• _Task requirements_: Go through the records below and tally the lines that include "установки". Answer with the number only.

• _Data provided_:
:::::

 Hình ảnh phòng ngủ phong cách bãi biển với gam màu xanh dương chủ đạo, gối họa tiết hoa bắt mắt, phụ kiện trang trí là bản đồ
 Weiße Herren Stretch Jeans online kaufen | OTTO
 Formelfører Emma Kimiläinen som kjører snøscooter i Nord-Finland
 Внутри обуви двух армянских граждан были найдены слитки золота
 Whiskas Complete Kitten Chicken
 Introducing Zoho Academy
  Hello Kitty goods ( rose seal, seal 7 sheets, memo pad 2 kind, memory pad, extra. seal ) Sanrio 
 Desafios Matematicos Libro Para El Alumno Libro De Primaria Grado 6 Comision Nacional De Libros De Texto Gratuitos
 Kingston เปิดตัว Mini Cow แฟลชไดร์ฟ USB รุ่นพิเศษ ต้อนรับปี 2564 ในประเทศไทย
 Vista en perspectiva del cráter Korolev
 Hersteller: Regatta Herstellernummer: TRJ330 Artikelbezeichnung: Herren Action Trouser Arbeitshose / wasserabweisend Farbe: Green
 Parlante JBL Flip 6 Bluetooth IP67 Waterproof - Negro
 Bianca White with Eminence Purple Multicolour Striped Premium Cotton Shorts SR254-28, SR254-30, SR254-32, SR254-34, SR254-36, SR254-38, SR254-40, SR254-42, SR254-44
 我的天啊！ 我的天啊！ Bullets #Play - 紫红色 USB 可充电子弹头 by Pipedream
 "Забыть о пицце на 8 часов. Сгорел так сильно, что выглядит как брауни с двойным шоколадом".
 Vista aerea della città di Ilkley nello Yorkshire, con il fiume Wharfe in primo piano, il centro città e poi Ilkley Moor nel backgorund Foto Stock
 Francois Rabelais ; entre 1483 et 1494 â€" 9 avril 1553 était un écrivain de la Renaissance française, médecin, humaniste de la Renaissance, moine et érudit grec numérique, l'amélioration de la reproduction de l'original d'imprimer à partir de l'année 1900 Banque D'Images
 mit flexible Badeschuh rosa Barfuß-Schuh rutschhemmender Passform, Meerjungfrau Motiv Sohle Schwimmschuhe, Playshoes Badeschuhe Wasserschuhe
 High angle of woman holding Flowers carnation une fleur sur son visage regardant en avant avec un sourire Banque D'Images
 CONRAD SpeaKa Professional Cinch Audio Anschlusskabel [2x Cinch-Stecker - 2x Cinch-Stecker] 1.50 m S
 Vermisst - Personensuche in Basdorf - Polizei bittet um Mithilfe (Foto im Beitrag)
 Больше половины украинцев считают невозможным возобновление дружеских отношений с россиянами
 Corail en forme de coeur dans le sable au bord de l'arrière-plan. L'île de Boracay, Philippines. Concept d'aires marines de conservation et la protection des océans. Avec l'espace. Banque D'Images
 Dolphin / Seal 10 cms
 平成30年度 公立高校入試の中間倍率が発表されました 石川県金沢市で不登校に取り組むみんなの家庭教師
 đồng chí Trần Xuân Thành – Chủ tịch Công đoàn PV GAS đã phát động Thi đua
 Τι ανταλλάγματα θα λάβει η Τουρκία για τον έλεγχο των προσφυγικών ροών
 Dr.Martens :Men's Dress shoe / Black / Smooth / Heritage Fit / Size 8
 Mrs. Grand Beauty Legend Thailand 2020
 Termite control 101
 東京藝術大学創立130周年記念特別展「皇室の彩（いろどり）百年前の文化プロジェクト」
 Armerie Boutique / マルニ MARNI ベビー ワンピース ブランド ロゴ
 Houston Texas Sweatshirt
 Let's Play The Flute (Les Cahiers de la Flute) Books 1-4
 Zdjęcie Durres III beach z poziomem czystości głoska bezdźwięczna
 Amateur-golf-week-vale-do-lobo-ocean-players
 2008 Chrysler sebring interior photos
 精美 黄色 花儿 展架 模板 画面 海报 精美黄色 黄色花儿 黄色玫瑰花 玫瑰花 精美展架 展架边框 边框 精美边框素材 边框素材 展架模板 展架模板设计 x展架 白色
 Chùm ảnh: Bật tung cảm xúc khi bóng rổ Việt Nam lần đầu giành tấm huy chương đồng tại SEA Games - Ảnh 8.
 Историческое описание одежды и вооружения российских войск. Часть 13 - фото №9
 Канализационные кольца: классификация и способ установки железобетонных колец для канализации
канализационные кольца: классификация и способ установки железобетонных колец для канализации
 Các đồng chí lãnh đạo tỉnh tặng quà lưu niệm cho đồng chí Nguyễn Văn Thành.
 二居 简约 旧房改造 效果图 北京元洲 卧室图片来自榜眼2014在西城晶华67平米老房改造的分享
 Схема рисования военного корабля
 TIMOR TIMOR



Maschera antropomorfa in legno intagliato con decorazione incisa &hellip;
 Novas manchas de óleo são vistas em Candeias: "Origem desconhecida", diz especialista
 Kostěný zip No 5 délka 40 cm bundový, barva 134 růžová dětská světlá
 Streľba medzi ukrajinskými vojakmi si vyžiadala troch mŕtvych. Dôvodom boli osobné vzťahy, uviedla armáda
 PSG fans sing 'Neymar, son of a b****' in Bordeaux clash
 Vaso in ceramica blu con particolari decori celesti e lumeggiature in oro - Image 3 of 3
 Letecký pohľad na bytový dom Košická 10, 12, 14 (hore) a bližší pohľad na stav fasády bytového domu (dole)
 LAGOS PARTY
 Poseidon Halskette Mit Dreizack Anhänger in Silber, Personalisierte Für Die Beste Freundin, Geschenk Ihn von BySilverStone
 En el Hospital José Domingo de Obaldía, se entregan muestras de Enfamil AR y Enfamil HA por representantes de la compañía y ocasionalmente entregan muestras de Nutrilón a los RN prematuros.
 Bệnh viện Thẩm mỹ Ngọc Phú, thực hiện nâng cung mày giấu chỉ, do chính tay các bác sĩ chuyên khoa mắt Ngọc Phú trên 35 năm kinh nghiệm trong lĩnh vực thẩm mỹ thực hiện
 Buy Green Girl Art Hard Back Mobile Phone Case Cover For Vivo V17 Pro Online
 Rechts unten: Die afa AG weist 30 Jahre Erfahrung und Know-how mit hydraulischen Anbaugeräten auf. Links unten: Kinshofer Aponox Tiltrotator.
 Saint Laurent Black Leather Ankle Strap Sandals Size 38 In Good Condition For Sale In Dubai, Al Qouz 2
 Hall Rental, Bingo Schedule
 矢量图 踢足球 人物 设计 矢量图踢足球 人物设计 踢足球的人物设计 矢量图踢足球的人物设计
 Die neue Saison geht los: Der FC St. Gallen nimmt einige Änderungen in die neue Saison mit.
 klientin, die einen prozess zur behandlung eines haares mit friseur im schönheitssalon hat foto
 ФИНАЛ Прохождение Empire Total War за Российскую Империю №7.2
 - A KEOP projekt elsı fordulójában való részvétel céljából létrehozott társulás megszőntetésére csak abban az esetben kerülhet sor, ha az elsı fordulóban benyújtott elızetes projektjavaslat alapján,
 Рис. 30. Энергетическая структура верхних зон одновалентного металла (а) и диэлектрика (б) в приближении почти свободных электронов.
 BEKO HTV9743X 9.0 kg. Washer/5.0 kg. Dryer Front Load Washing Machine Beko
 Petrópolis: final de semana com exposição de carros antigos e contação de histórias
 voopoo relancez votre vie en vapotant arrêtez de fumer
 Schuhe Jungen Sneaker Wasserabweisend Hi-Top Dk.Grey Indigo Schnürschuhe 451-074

:::::

• _Completed exercise_: 2